Prothonotary candidate Sandra Harrison takes a selfie with Baltimore County volunteers Terri Biggins (left) and the author (right).

Sandra Harrison is a member of the Grandview Five, a.k.a. the “Sisters in the Fairway.”  They are a group of five African-American women who made national headlines last year when, while playing a round of golf at a local public course, were confronted twice by police who had been summoned by the former York County Commissioner.  Their purported offense was that they had been “golfing too slow.”

Four of the five, including Ms. Harrison, are now running for public office in York County.  If elected, she vows to increase accessibility to the county’s civil court system, especially for individuals who may be unable to afford an attorney.

If you would like to join in this effort to secure the 45,000 votes needed to bring Pennsylvania into the Democratic column next year, please contact the author at alliesforpa2020@gmail.com, or visit the private Facebook page, Allies for PA 2020, and ask to join.

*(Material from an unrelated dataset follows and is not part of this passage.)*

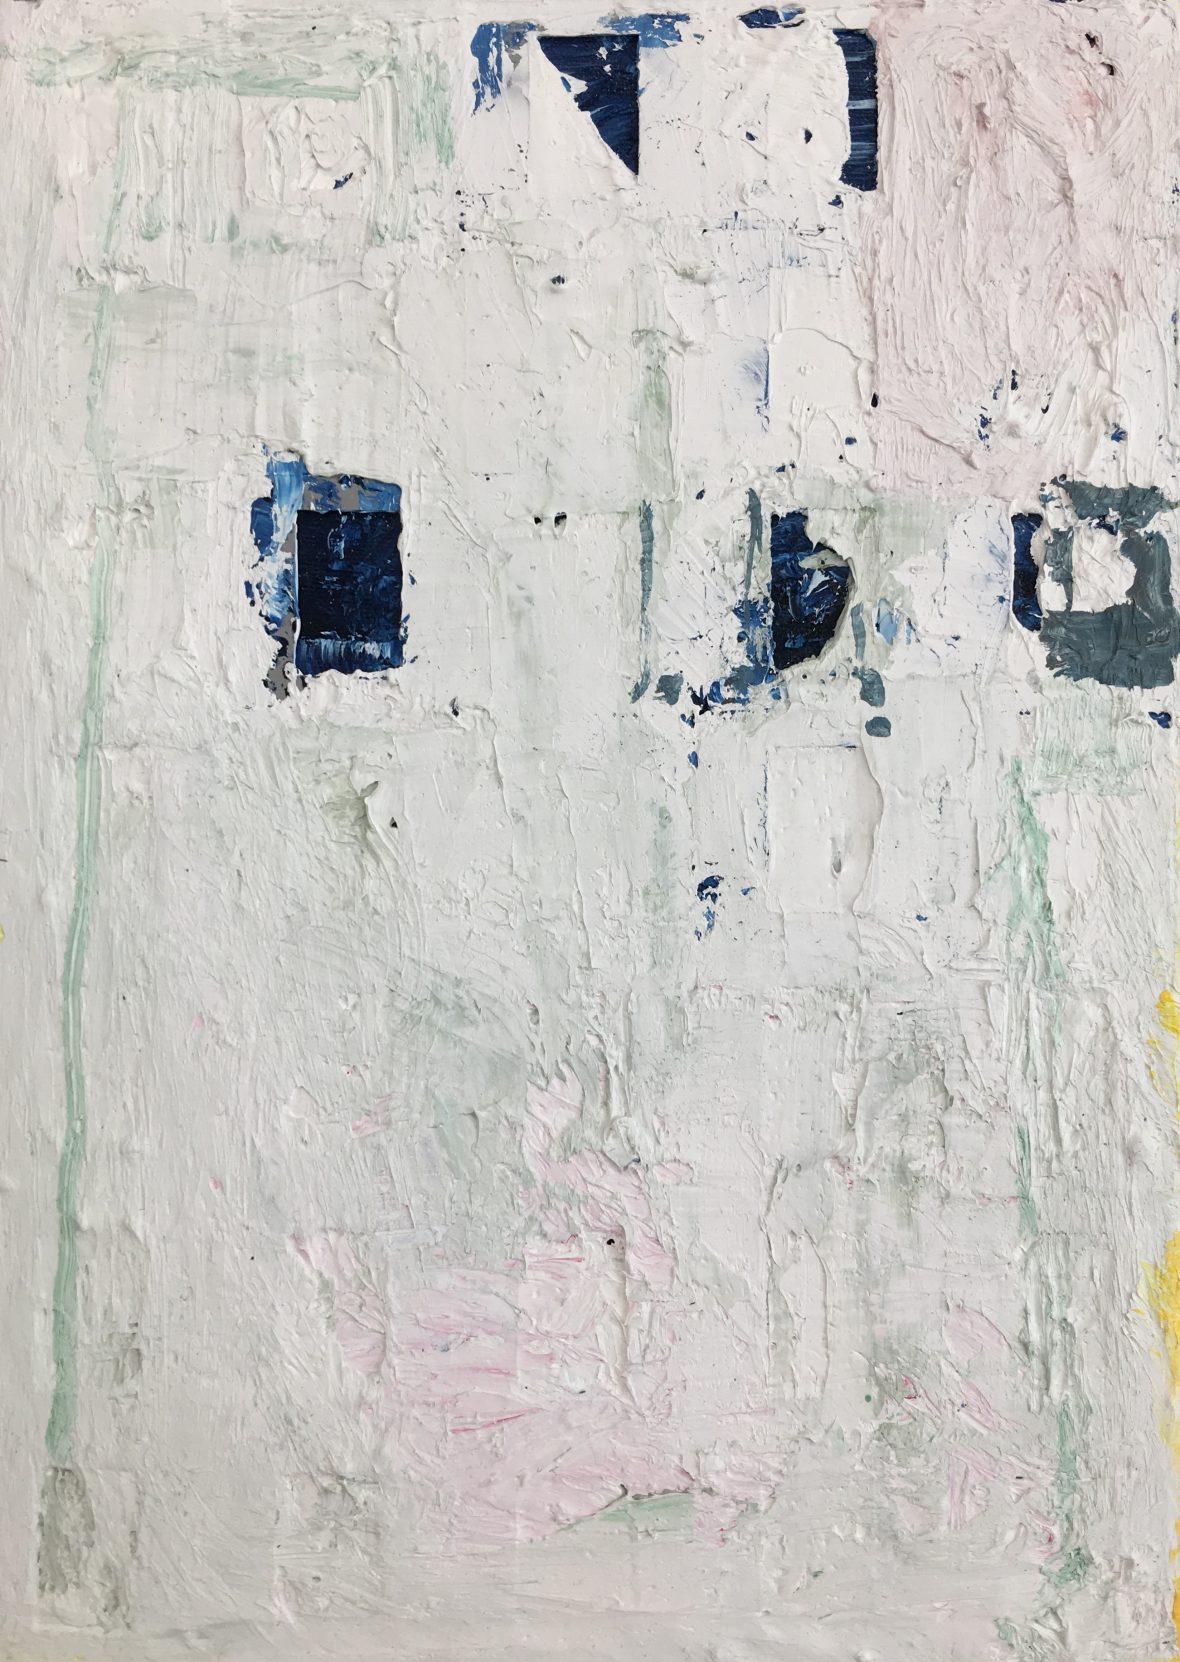 Painting / Maalaus / Målning 35 x 25 cm, 2018

The lessons of history are clear.  On election night 2000, the late political journalist Tim Russert famously took out his white eraser board at NBC Studios and wrote: “Florida, Florida, Florida.” He then held it up for NBC viewers to see, driving home the point that the candidate who won that state would become the next President of the United States.  Even though George Bush lost the national popular vote that year, he was eventually declared the winner of Florida by 537 votes, thereby becoming our 43rd President.  As the 2020 election approaches, and the battle cry becomes “Pennsylvania, Pennsylvania, Pennsylvania,” Marylanders to make certain that we have done all that we can to ensure that the Democratic nominee becomes the next President of the United States.

Colleen Ebacher (left), 2018 Democratic Party candidate for Baltimore County Council District 3, the author Tom Glancy (second from left), and team head out for a sunny day of canvassing in Pennsylvania.